There was first Tunesia, then came Egypt. It was called the Arabic spring. After the military intervention in Libya, there followed the violent conflict in Syria lasting by now over more than 18 months.

The hopeful sign of the 'blue bird' in the Middle East' being heard in Egypt as sign of political maturation in 2011 has been replaced by what the poetess Najet Adouani writes about the current state of affairs. She states that "troubles are everywhere now, nobody is happy, clouds are covering the blue, birds can't sing free as before."

What has happened? Why the surge of the Salafists and the tendency towards an extreme version of religious law as if this can promise a better way of governing than what was before the case? For outsiders the Middle East has always been a puzzle, an evasive region with many hidden alleys and enchanting eyes behind veils.

When Kapuscinski knew no longer how to judge events in Etiopia, he simply resorted to literature, in order to let intuition and the imagination do the talking. Finding out some truths in the making shall not be simple, but then there is this invitation by Najet Adouani.

"We fly over all the events to see what happens", proposes Najet Adouani. She means to do that by taking "a magic carpet so that we can travel into the depth of the history!"

"But what about the inner need for survival?", I asked her. "Is that not linked to upholding the highest code of ethics possible, even when that would mean a denial of love as it would threaten to undermine the code of the inner circle in power? That question relates to an article about King Arthur and his fateful ending. The king of the round table of knights recognized his true love who had been fighting him all his life long only when first he, then she were mortally wounded."
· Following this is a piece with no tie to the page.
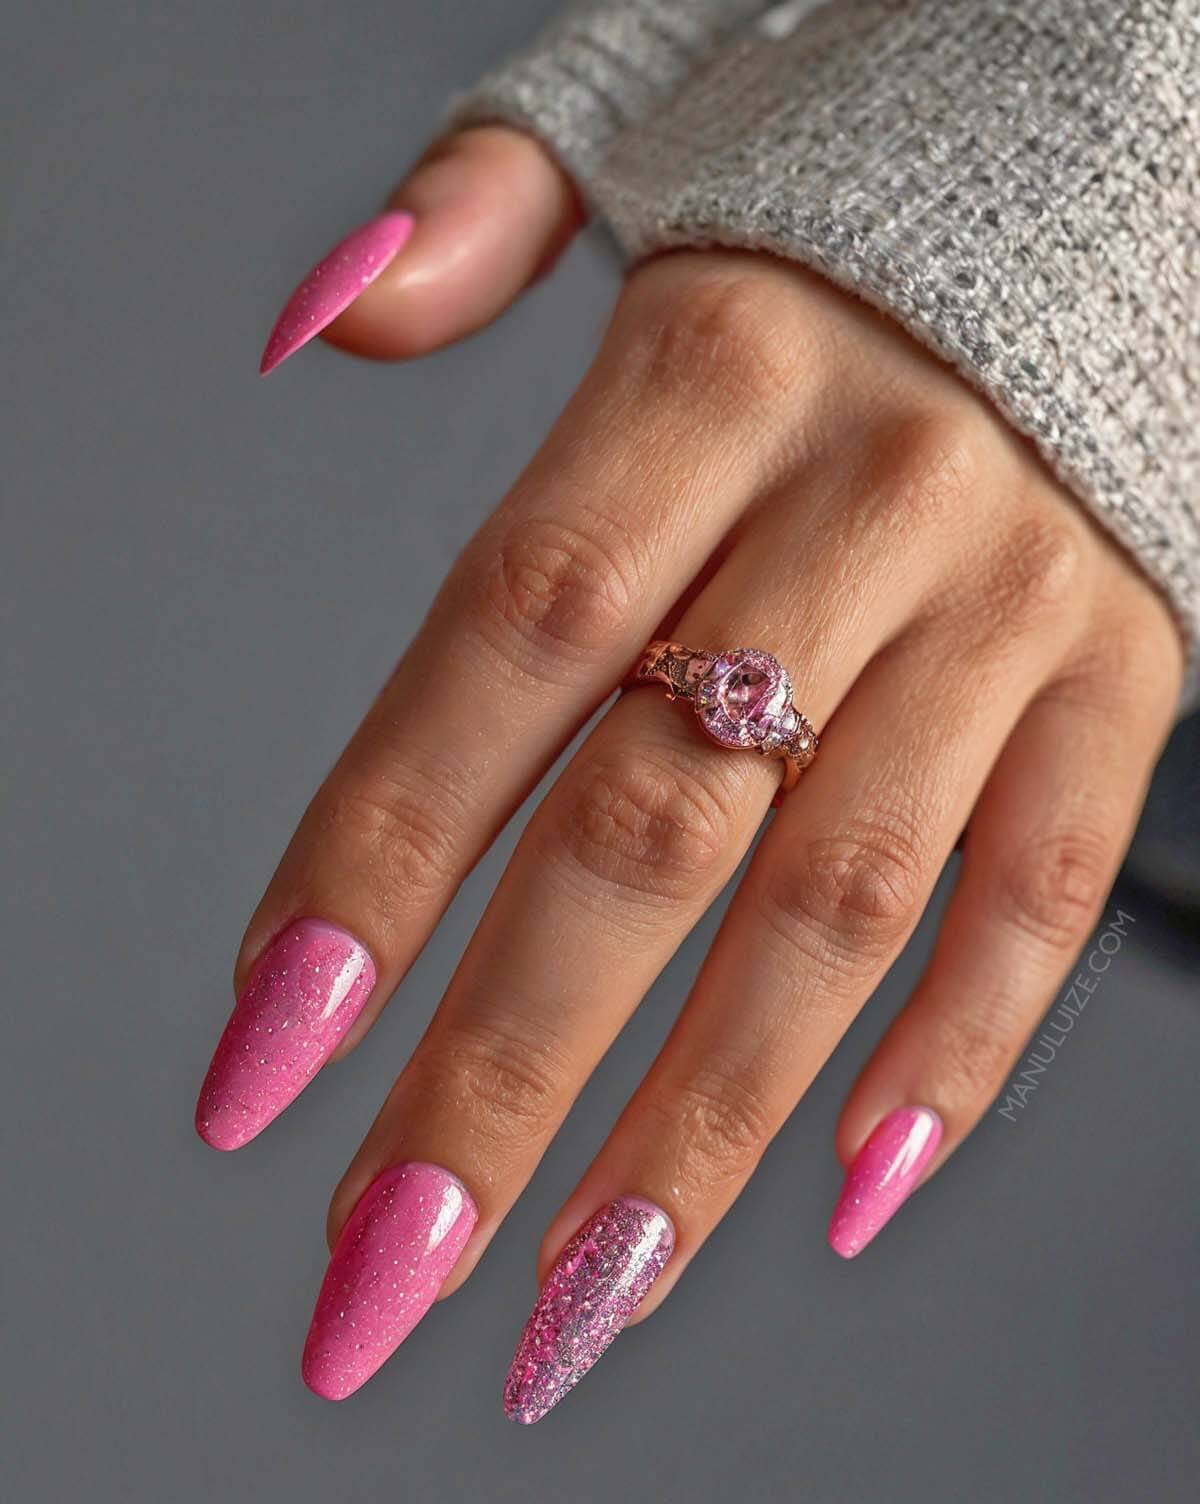 Hot pink glitter manicure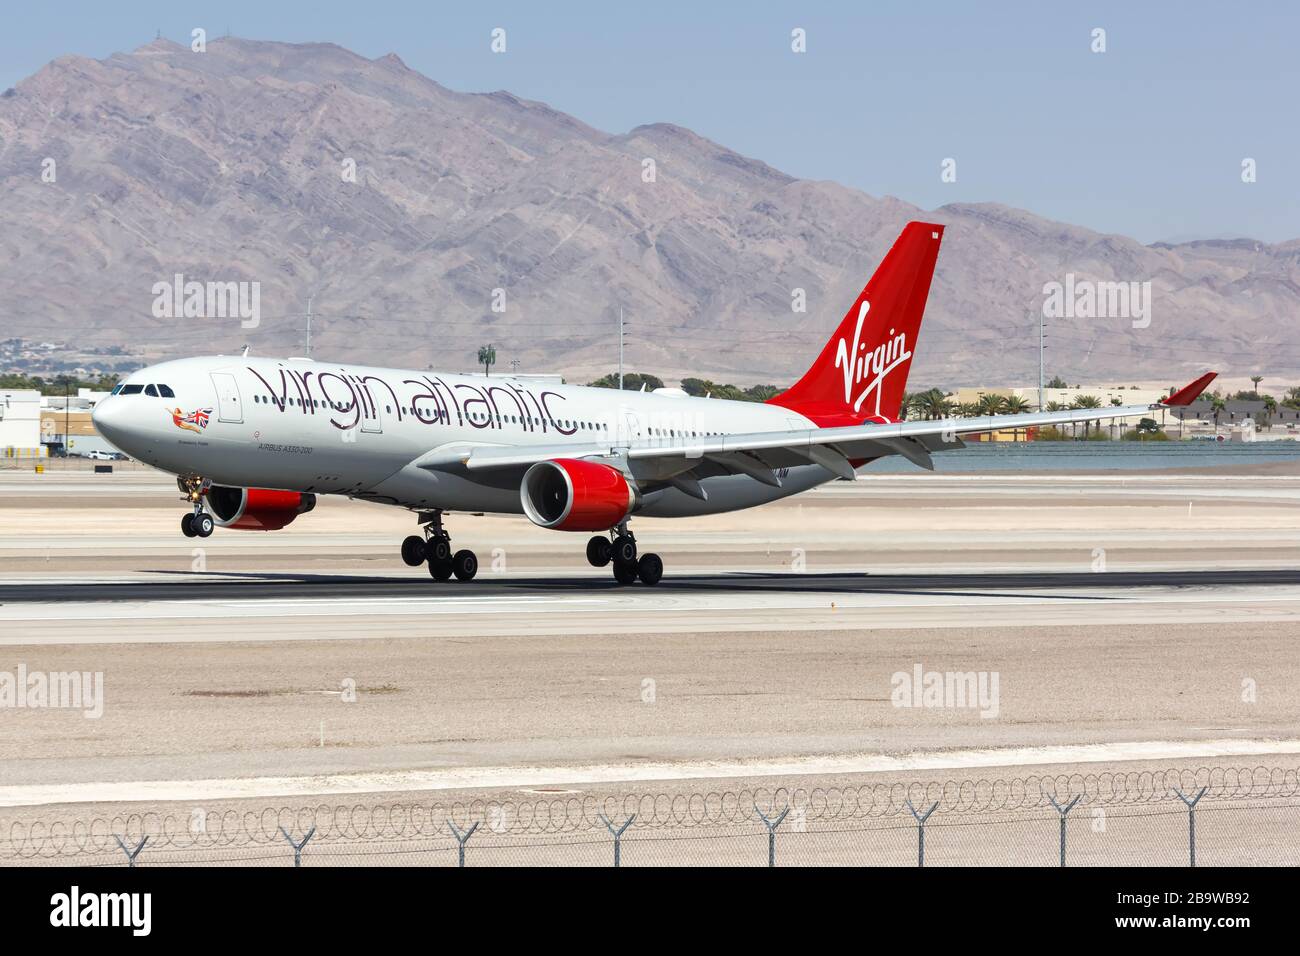 Las Vegas, Nevada – 9 avril 2019 : avion Airbus A330-200 de Virgin Atlantic Airways à l'aéroport de Las Vegas (LAS) au Nevada. Airbus est une compagnie aérienne européenne Banque D'Images

Najet Adouani response was immediate: "Answers are found where the real and the legend come together and make that harmony possible which is reflected in how every person relates to his or her feelings".

And she explains further: "I like this kind of writing where things have more than one meaning, so that reading the story is like a wonderful promenade by the sea side at sunset."

About interpretation of what is going on in the Middle East, she adds a word of caution: "Of course behind each image there is another meaning which takes one into the present or to what is going on now. If we only change names, we can find the same persons acting out a new role, one which is also inspired by that distant one in the past, and this is so because the two paradoxes prevail: love and hate are always here, we can't erase one of them."

She has written many novels about this hate-love drama and reminds why over and again writers have been drawn to the Arab world once offered to take such a trip on a magic carpet.